The ginsenoside content in the aerial part of WSG was mainly dominated by F2, Re, and Rg1, with the proportions of Re and Rg1, the representative protopanaxatriol (PT) type, in May, June and July accounting for 47.2%, 50.1%, and 43.2%, respectively. The ginsenoside Rb1 and Re were the highest in the root part, while the ginsenoside Re is abundant in both aerial and root parts, and is found in high concentrations in commercially available ginseng extracts [7]. The ginsenoside Re is known as a water-soluble compound that accounts for about 23% of the total saponins found in the plant's leaves, stems, seeds, and roots [1, 10, 43]. It has been found to have neuroprotective effects against Parkinson's disease (which is caused by damage to nerve cells), and to improve kidney function [3, 41, 49]. Furthermore, fermentation of the leaves of WSG using Rhizopus oligosporus increased the content of various ginsenosides, including squalene, phenol, L-carnitine, and Re, which showed high antioxidant activity [28]. The ginsenosides Rg1 and Rb1 also have neuroprotective effects against Alzheimer’s disease caused by neurodegeneration [26], and Rg1 has the effect of hepatocyte function improvement and anti-inflammatory effect [4, 5]. Furthermore, since this study analyzed the growth and ginsenoside content of WSG collected monthly from the same environment, there is no difference in the topography and climate of the cultivation sites, and the results can be regarded as purely the result of the harvest time. It has been proposed to use the ratio of Rg1 to Ro (Rg1/Ro) as a specific marker to distinguish the harvest time of ginseng [31], and when comparing the contents of Rg1 and Ro investigated in this study, the highest ratio of Rg1/Ro was found in July (0.49), and the lowest in October (0.28). The highest ratio in July accords with the optimal harvest time suggested in this study. Based on these results, it is believed that the ratio of Rg1 and Ro content can be applied to establish the harvesting time in actual WSG.
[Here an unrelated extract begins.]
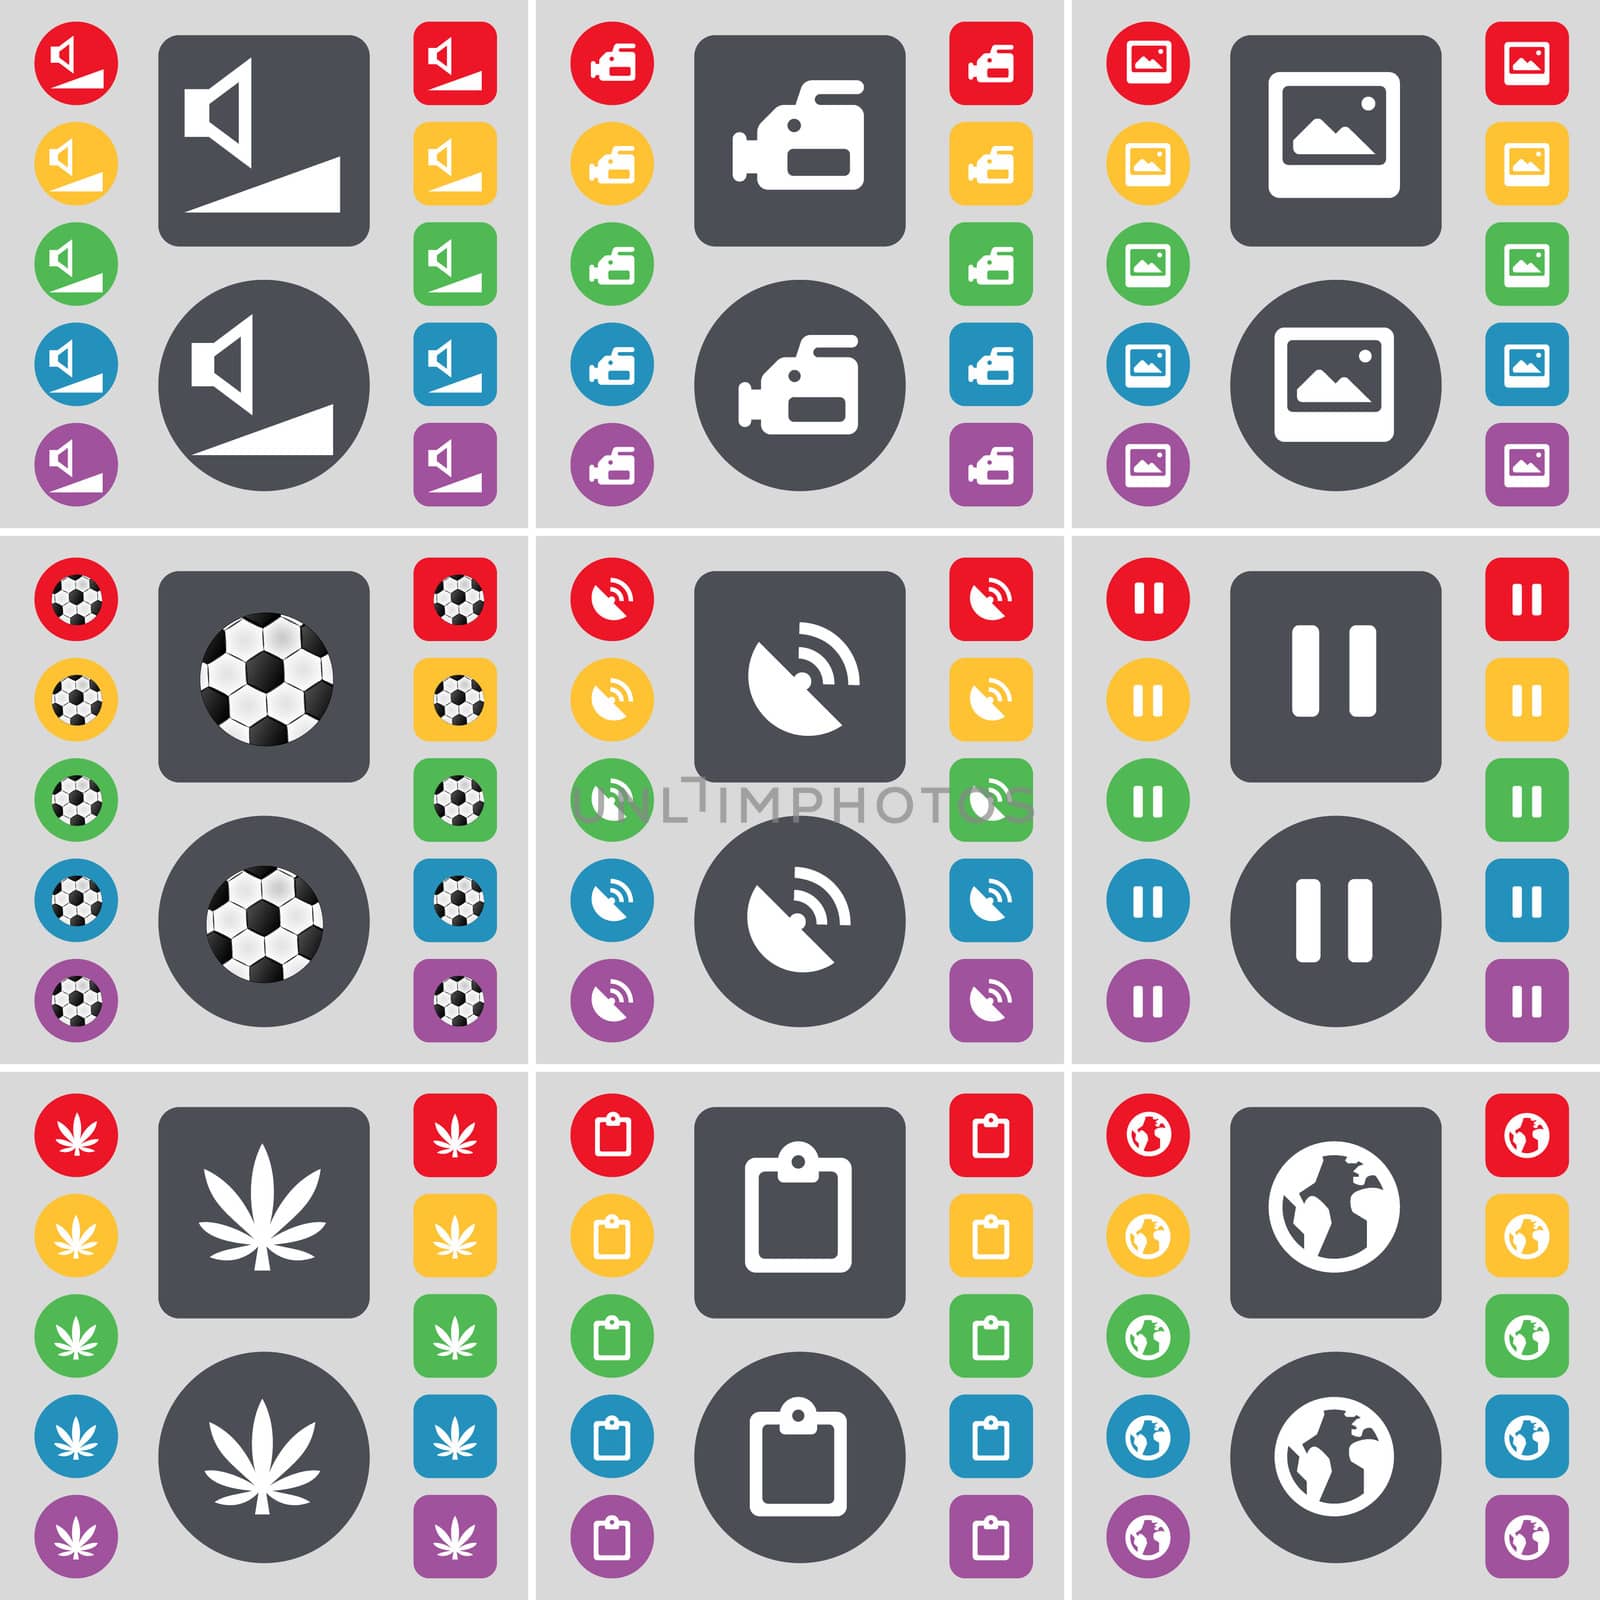 Volume, Film camera, Picture, Ball, Satellite dish, Pause, Marijuana, Survey, Planet icon symbol. A large set of flat, colored buttons for your design. illustration

As shown in the correlation analysis between the growth characteristics and ginsenoside content of WSG, the number of leaflets per stem showed significantly positive correlation with Rb3 (r = 0.651, p = 0.041) and Rc (r = 0.649, p = 0.042), while Rb2 was correlated with leaflet length (r = 0.635, p = 0.048), leaflet width (r = 0.670, p = 0.034), and aerial weight (r = 0.675, p = 0.032), and Ro showed a significant positive correlation with root diameter (r = 0.718, p = 0.019). It indicated that the content of ginsenosides increases as the growth of WSG increases (Table 3). Previously reported studies on 7- and 13-year-old WSG showed that the content of ginsenosides Rb1, Rb2, Rc, and Rd (PPD type) were significantly correlated with root length and cross-sectional area, surface area, volume, and root weight [16, 17].

Based on the results of this study, it is believed that the harvesting in May–July, when the total ginsenoside content is the highest, is suitable for use as a raw material for industrialization of WSG. Therefore, the raw materialization of the whole plant, including both the aerial and root parts, will require a revision of the current law on food ingredients of WSG.